Two more pieces of context here: 1. The IETF allows code point registrations based purely on the existence of a specification, and the pure ML-KEM code points have already been assigned (https://www.iana.org/assignments/tls-parameters/tls-paramete...). The question at hand is whether the IETF will publish an RFC documenting the ML-KEM cipher suites [edited to make clear that ML-KEM is documented already].
2. It is also possible to publish an RFC via what's called "Independent Submission" (https://www.rfc-editor.org/authors/rfc-independent-submissio...), which is not subject to the IETF Consensus process. This is, for instance, how the GOST RFC (https://datatracker.ietf.org/doc/rfc9367/) was published. If the IETF opts not to publish this draft, the authors can still submit it to the Independent Submissions Editor.
Further the draft that this is all about does not make a recommendation for its use. The currently IETF-recommended TLS algorithms are: X25519MLKEM768, x448, x25519, secp384r1, secp256r1.
As noted by someone on the IETF list [1] there are already ML-KEM-only implementations in various libraries, so if we want interoperability then it's best to have a standard document. No one is forcing anyone to use this algorithm, and it's not even 'officially' recommended (per above).
[1] https://mailarchive.ietf.org/arch/msg/tls/SXo4iVmp0ng_vi57ce...
“People are already doing it, so we might as well rubber-stamp it even if it’s not great” introduces problems of its own: people will perceive that rubber-stamping as validating it, and now they’ll use it even more, where perhaps if you held back, they wouldn’t.
(There are counter-arguments as well, of course. A couple of relevant cases that spring to mind where a body has not aligned with usage or expectations: W3C lost control of HTML, and it was probably for the best, but they remain a relevant body in closely-related areas; and OSI licence approval is a horribly broken political process which is almost universally misunderstood and close to frozen in time, yet they haven’t suffered like they should have for their misdeeds, they pretty much got away with it. There was also that thing somewhat recently about FedRAMP rubber-stamping Microsoft Cloud despite it failing dismally, because US government agencies had already started using it too much; and I wonder what that does to their credibility.)
This is also a concern with informational/independent submissions through IETF. They are frequently perceived as having IETF/standards weight.
[1] Sadly, I know you are aware.
Null encryption used to be supported as well, and no one was forced to use it.
But when something insecure is supported by a protocol it will lead to security hiccups.
If it's dangerous it shouldn't be supported.
I recall the early-to-mid-90s when the IETF was a powerhouse, churning out foundational standards and documents monthly, and every time I read a foundational RFC for some protocol I wanted to learn, the "Security Considerations" section was intentionally left completely blank and un-considered.
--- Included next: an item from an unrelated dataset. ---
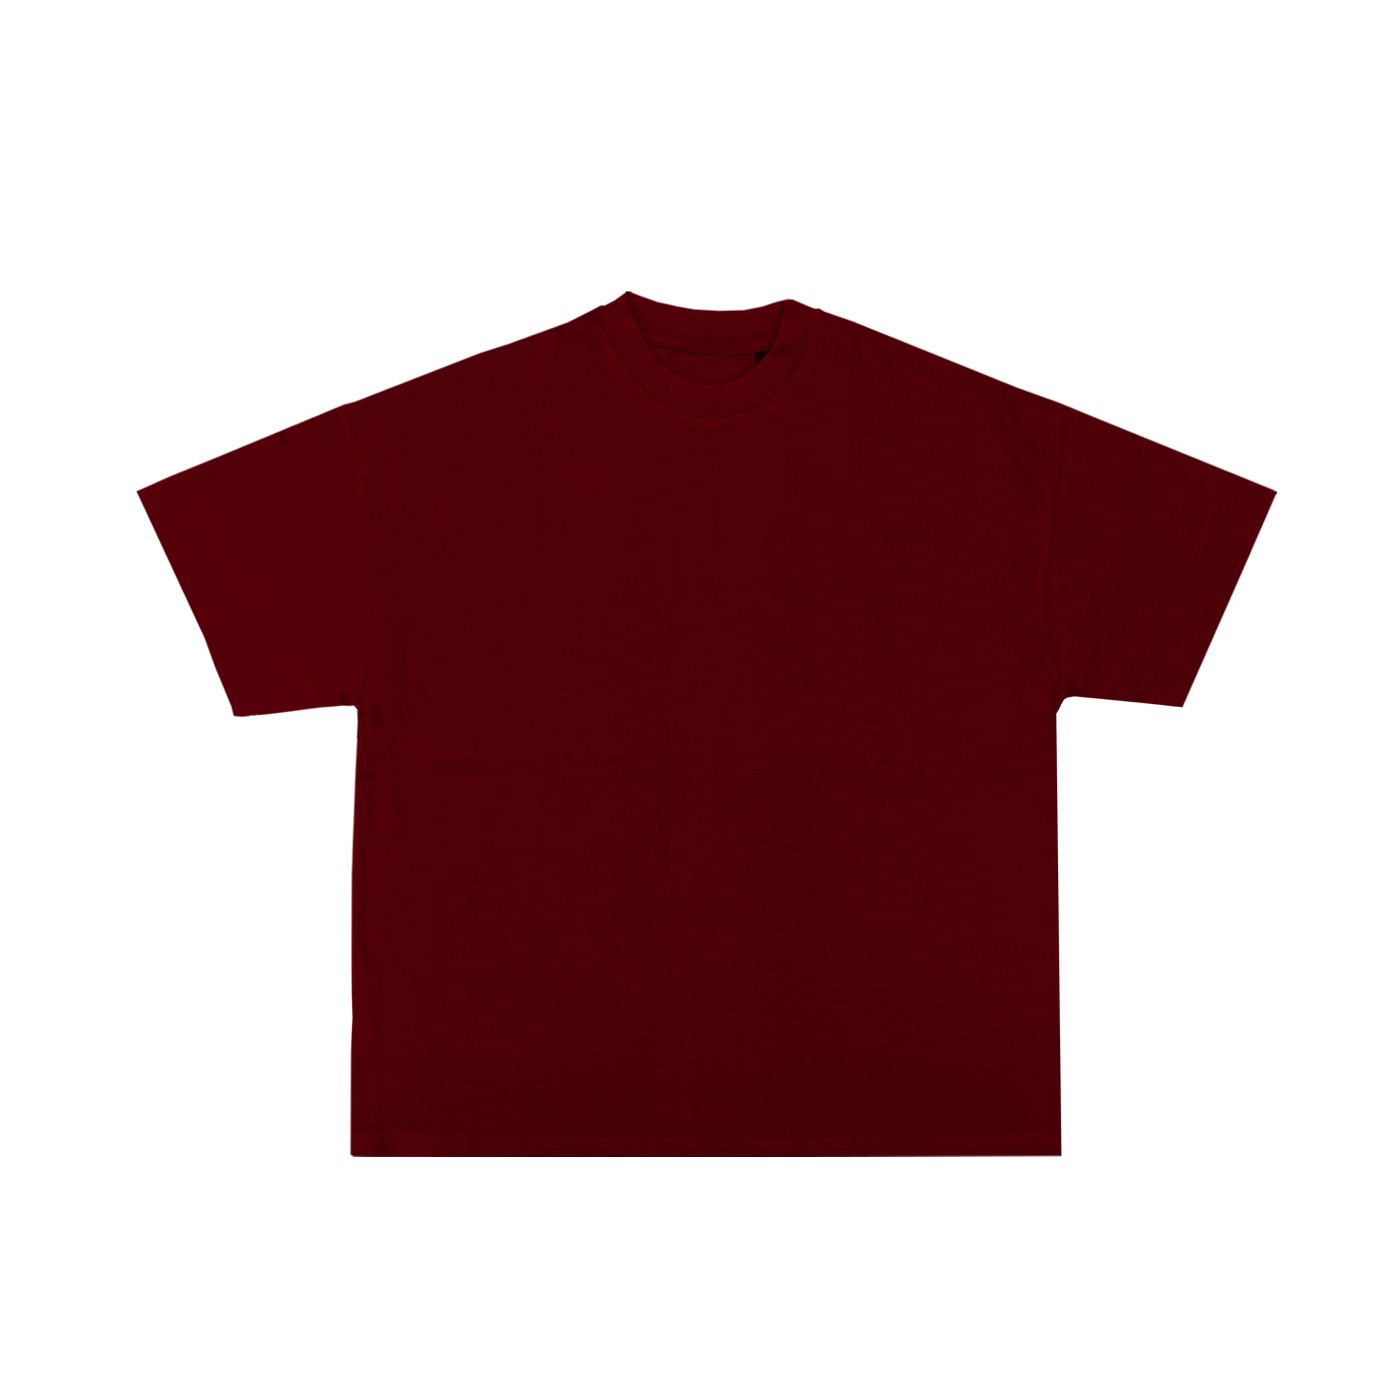 "T-shirt bordeaux en coton de haute qualité, disponible pour personnalisation sur prynt.shop."

I don't know if it was recklessness or expediency or a very calculated tactic (the Internet was invented by DARPA, after all) but Internet protocols were so ridiculously insecure, and based on absurd trust models that were repeatedly broken, and everything always transmitted in plaintext (because, of course, all networks were physically wired, secured, and only the good guys could tap into them).
It was an absolute Wild West clown college as the Internet transitioned to commercial and privatized use cases, and I suppose it guaranteed job security for generations of cybersecurity experts and cryptographers.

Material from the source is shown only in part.